James Charles is the beauty wunderkind who has amassed over 16 million subscribers in the two years he’s been on YouTube. His high school yearbook photo went viral, and he has created a huge following with his “sisters” brand and ethos.

Tati recently had a public falling out with James that turned toxic very quickly. Fellow beauty vlogger Jeffrey Starr weighed in on it too and the YouTube beauty community went to war.

The drama started on April 23 after James posted an Instagram video about how he loves Sugar Bear Hair supplements after accepting a seemingly impromptu sponsorship deal with them at Coachella.

Tati, as the owner of Halo Beauty hair supplements, felt betrayed by James. She had acted as his mentor and helped him grow his YouTube channel and was upset he had advertised her competition.

So, she did what any grown woman would do (ahem) and posted an emotional video on her Instagram story.

Once James finds out that he hurt Tati’s feelings, he posts an apology on his Instagram story.

“This weekend, I did an Instagram story for sleep vitamins that I’ve been taking because the brand helped me with security when the crowd around me at Coachella became unsafe. I did not accept any money from this post. Tati has a vitamin brand, which I take on a daily basis, but in the moment, I did not think about the competition.
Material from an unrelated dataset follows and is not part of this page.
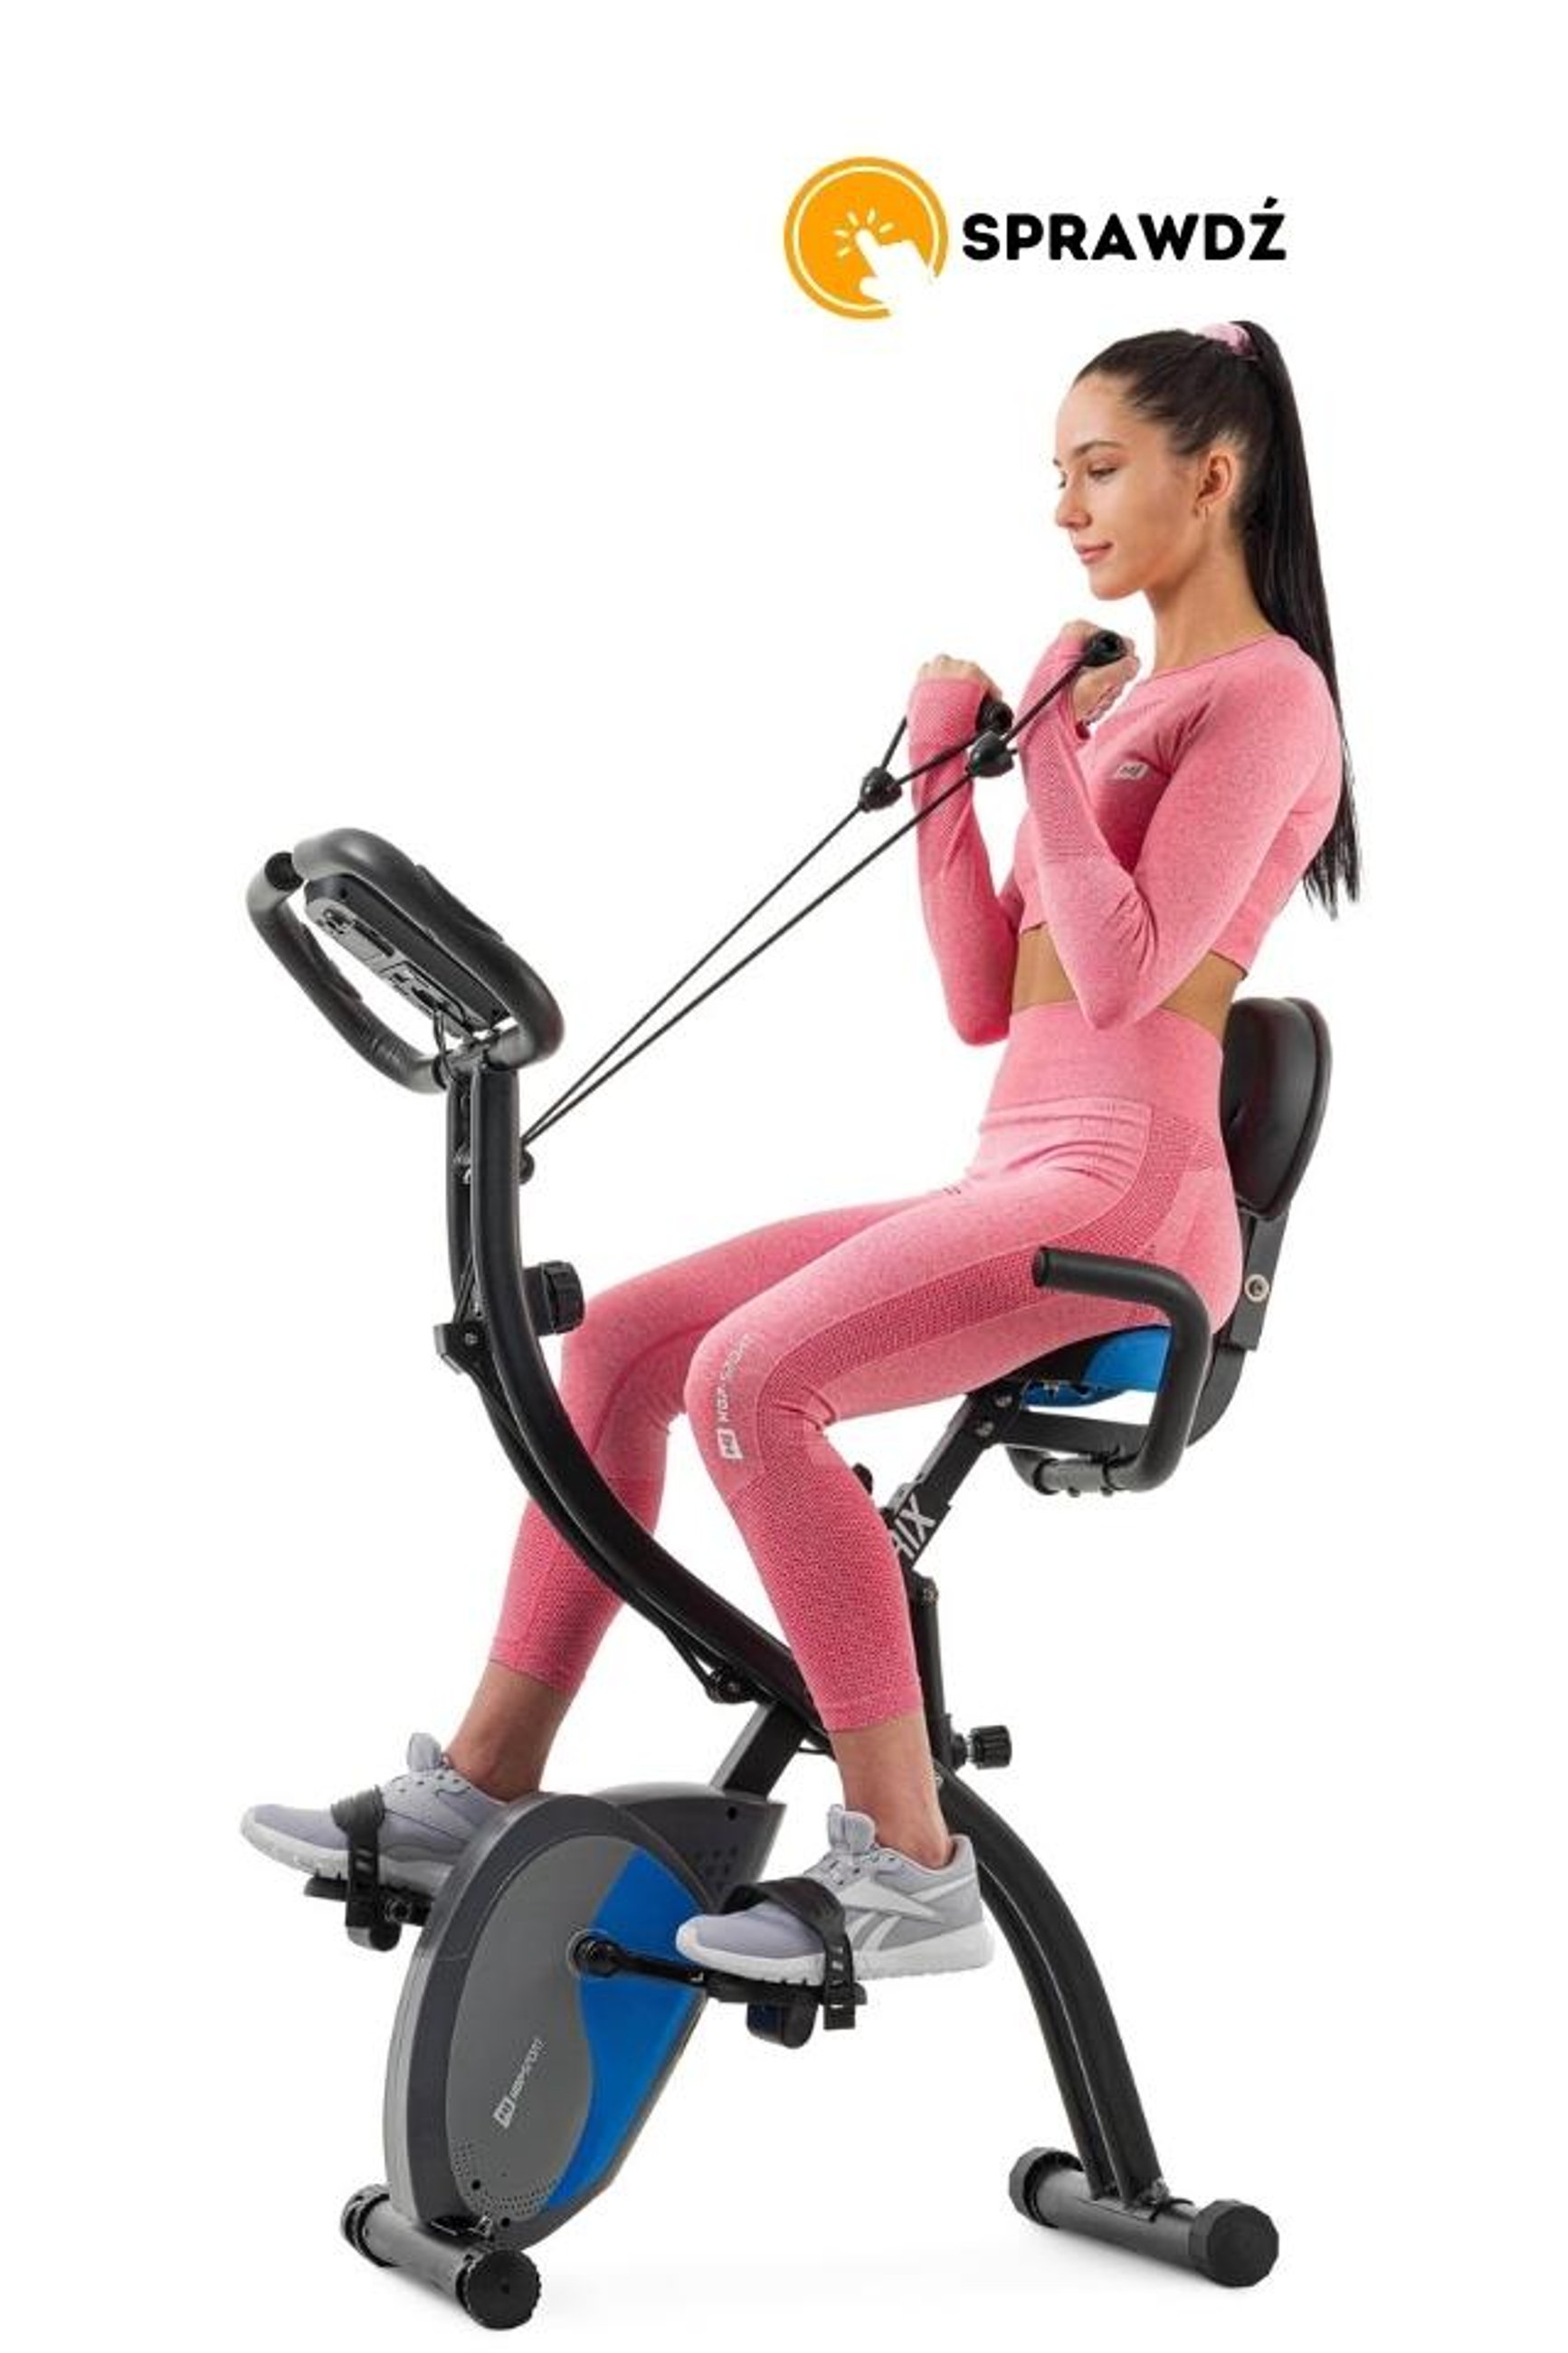 modelka ćwicząca na rowerze stacjonarnym HS-3010X Grix marki Hop-Sport

I’ve supported Tati both online and off like she has done for me and am devastated that I hurt someone that I truly love and have endless respect for.”

On May 10, Tati released another 40-minute video, titled “BYE SISTER” saying the situation with James is actually about “way more than just vitamins’.

On May 12, Jeffree Star, a fellow beauty You Tuber, jumped into the drama with a series of tweets. After James’s younger brother, Ian, tweeted, “Why does everyone act so tough over the internet?” Jeffree replied with a now-deleted tweet:

Several videos and tweets were made between Tati, Jeffree and James, with the former two appearing to gang up on James, calling him out for his “predatory” and aggressive flirting. Jeffree went so far as to call James a “danger to society.”

On May 18, James released his own video that shot down all of their accusations with apparent evidence (including screenshots of conversations) that all of Tati and Jeffree’s claims are out of context and slanderous, with potentially devastating effects on his career. After all, he’s only 19 and a self-confessed virgin. His 41-minute video, “No More Lies”, defends his character and rebuts allegations that he’s used fame to manipulate men.

Jeffree appears to try and capitalize on the feud with a tantalizing Snapchat rant and threatens to show his “receipts” to prove James is lying before doing a complete 180, saying he doesn’t want to revert to his old self, and he admits that he regrets ever sending those “brutal tweets” and “vicious text messages” and apologized to Charles’ younger brother.

The Aftermath

Successful campaigns to boycott James’ channel saw his subscriber count plummet. Before the scandal, James had upwards of 16 million subscribers, that number decreased exponentially following the video upload by Tati and subsequent tweet war with Jeffree.

“James Charles has dropped below the number of Jeffree Star’s YouTube subscribers. This makes Jeffree Star the most subscribed to Beauty Guru channel on YouTube,” Pop Alarms declared on Twitter at the time.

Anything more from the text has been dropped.